(Material provided)
◆ ◆ ◆ ◆ ◆
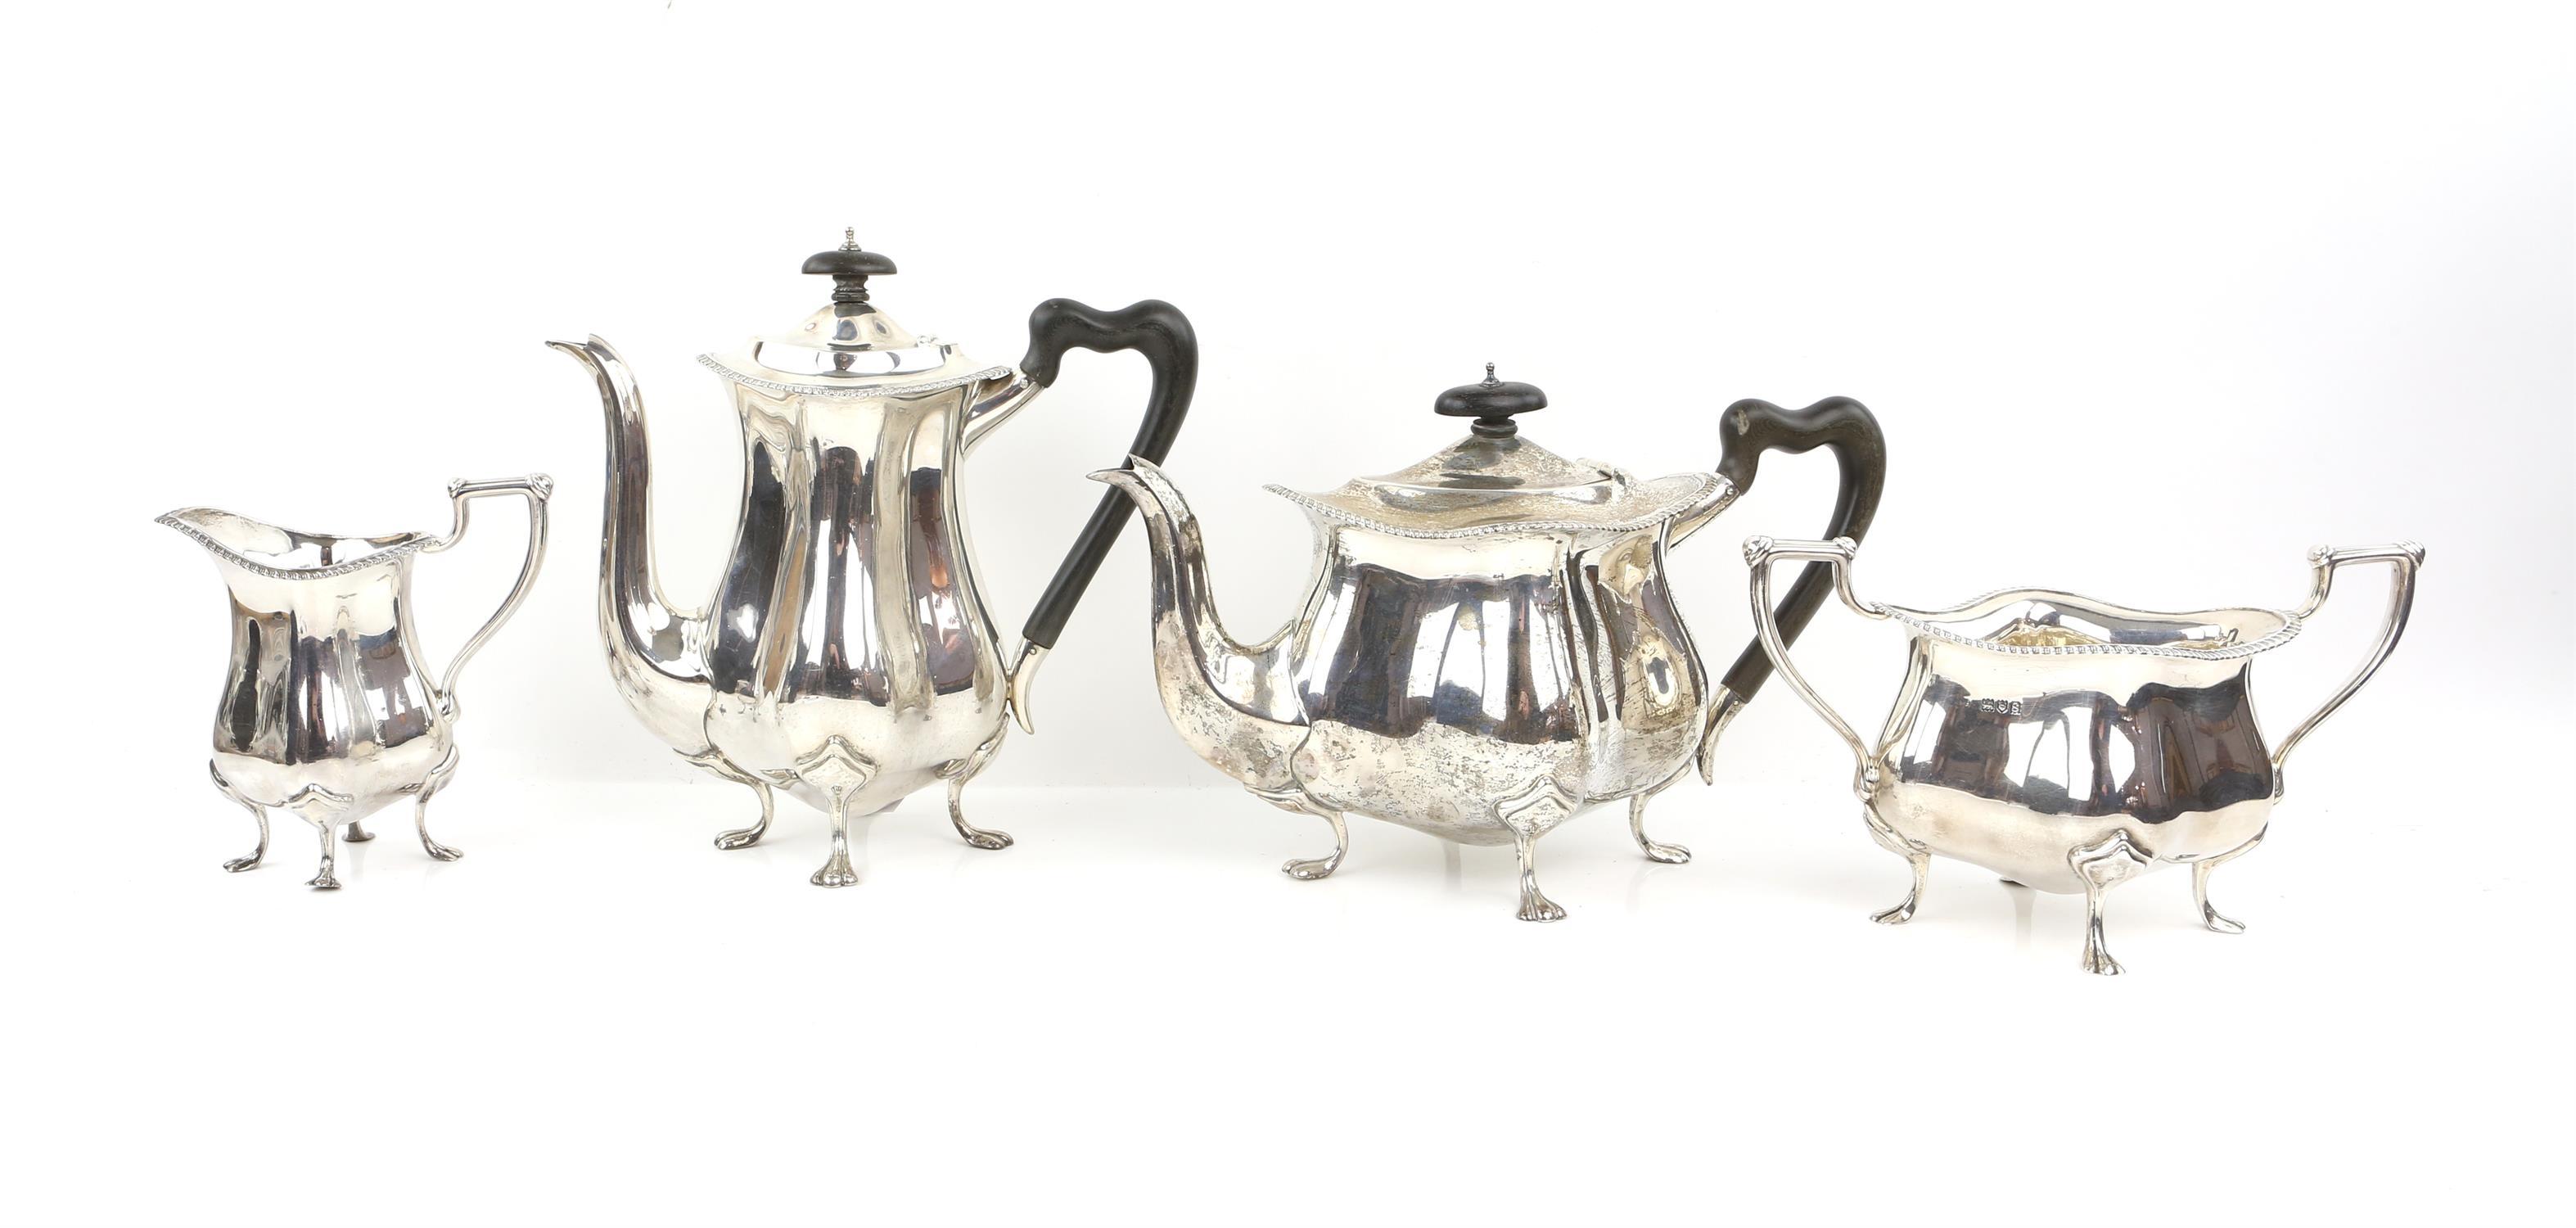 Four piece silver tea and coffee service of fluted diamond shape comprising Coffee Pot, Tea Pot,
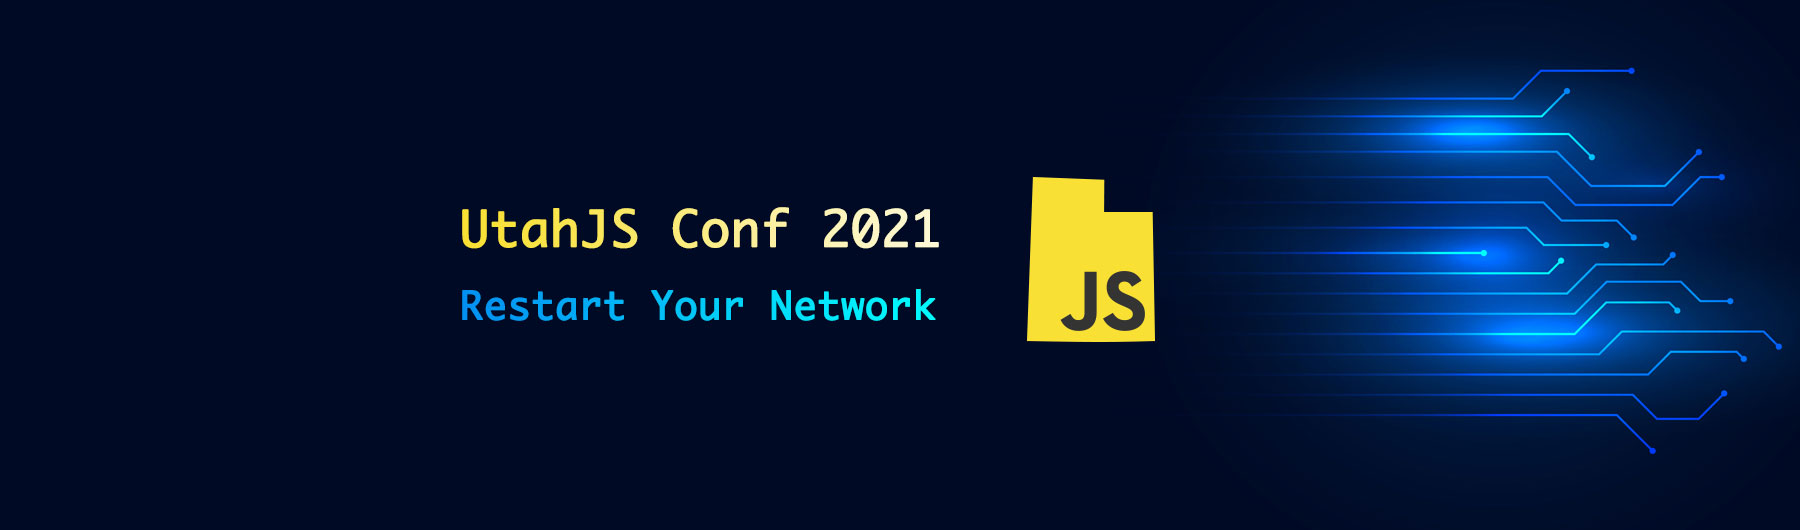 2021 UtahJS Conference
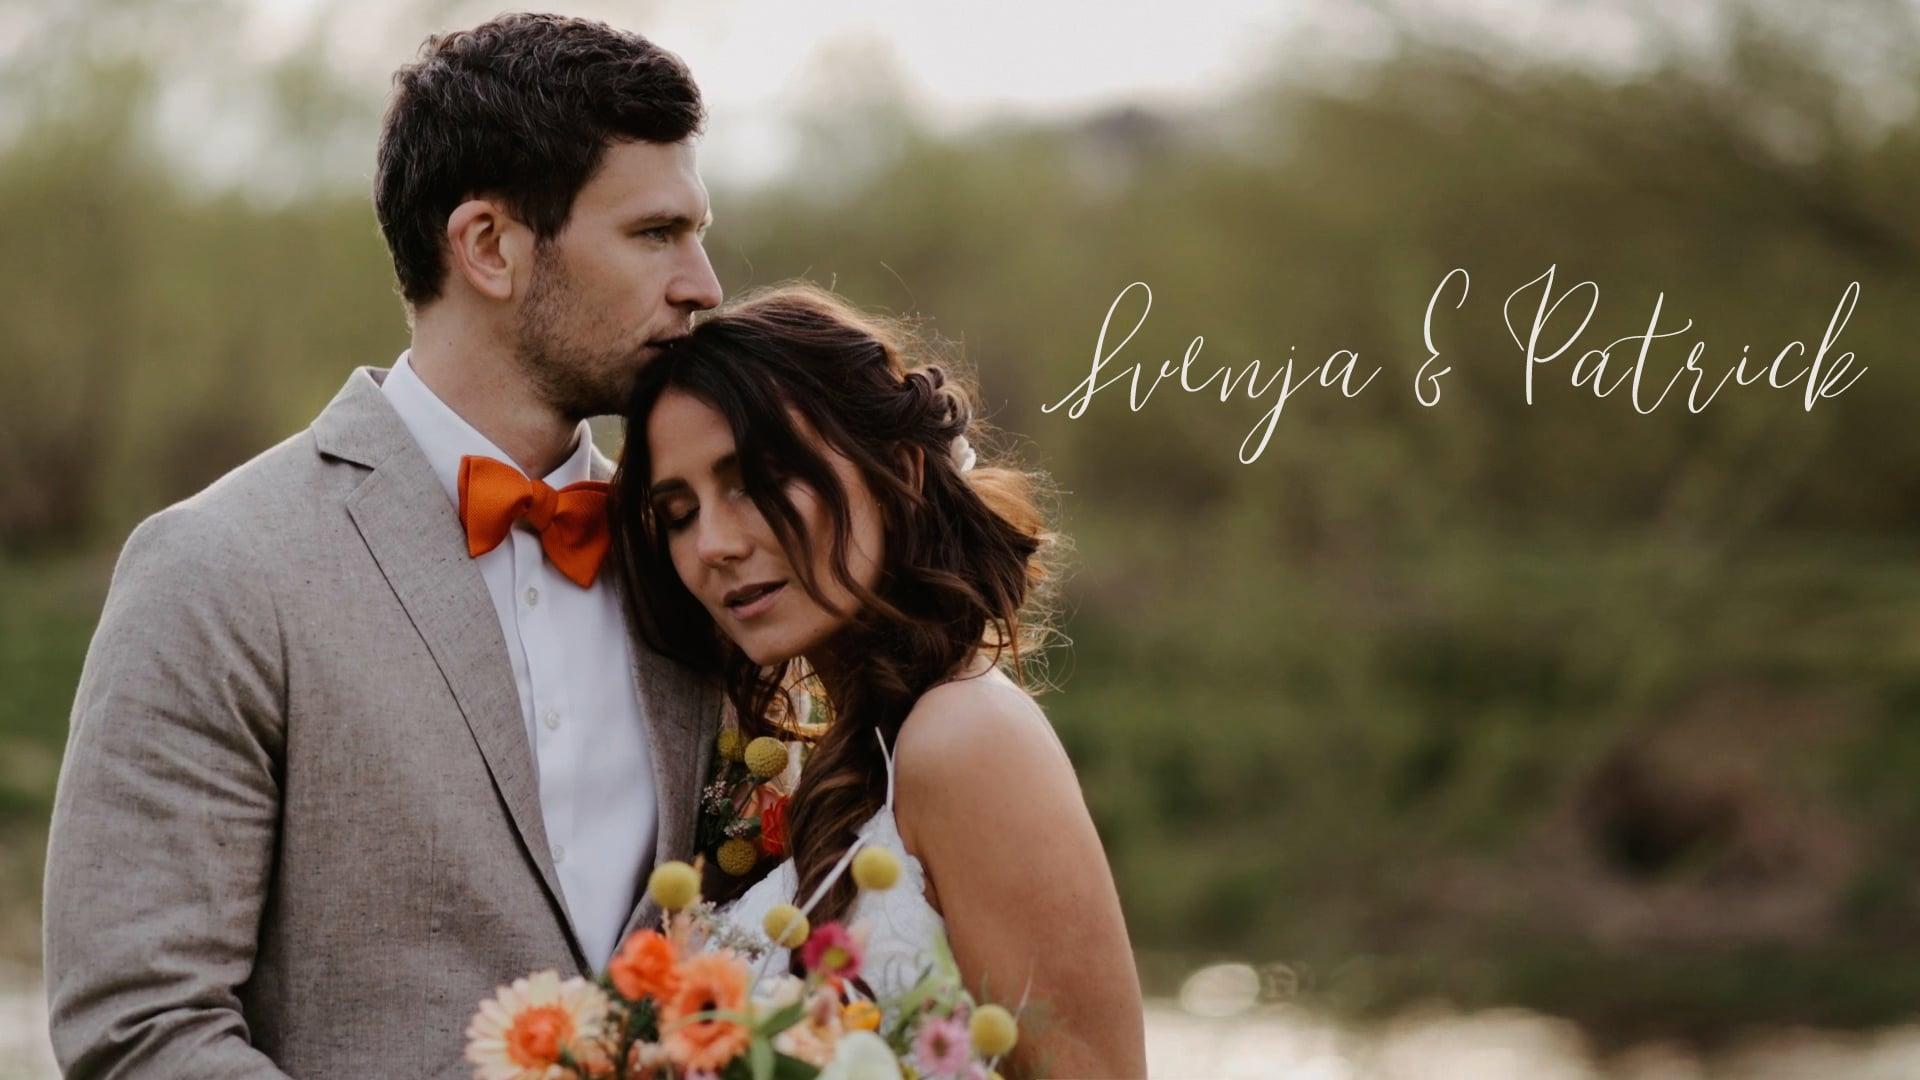 Juliane Kaeppel - authentic natural wedding photography & film
◆ ◆ ◆ ◆ ◆
(Required work) Copy all the material above exactly, but skip each image.

(Written reply)
 Four piece silver tea and coffee service of fluted diamond shape comprising Coffee Pot, Tea Pot,
 2021 UtahJS Conference
 Juliane Kaeppel - authentic natural wedding photography & film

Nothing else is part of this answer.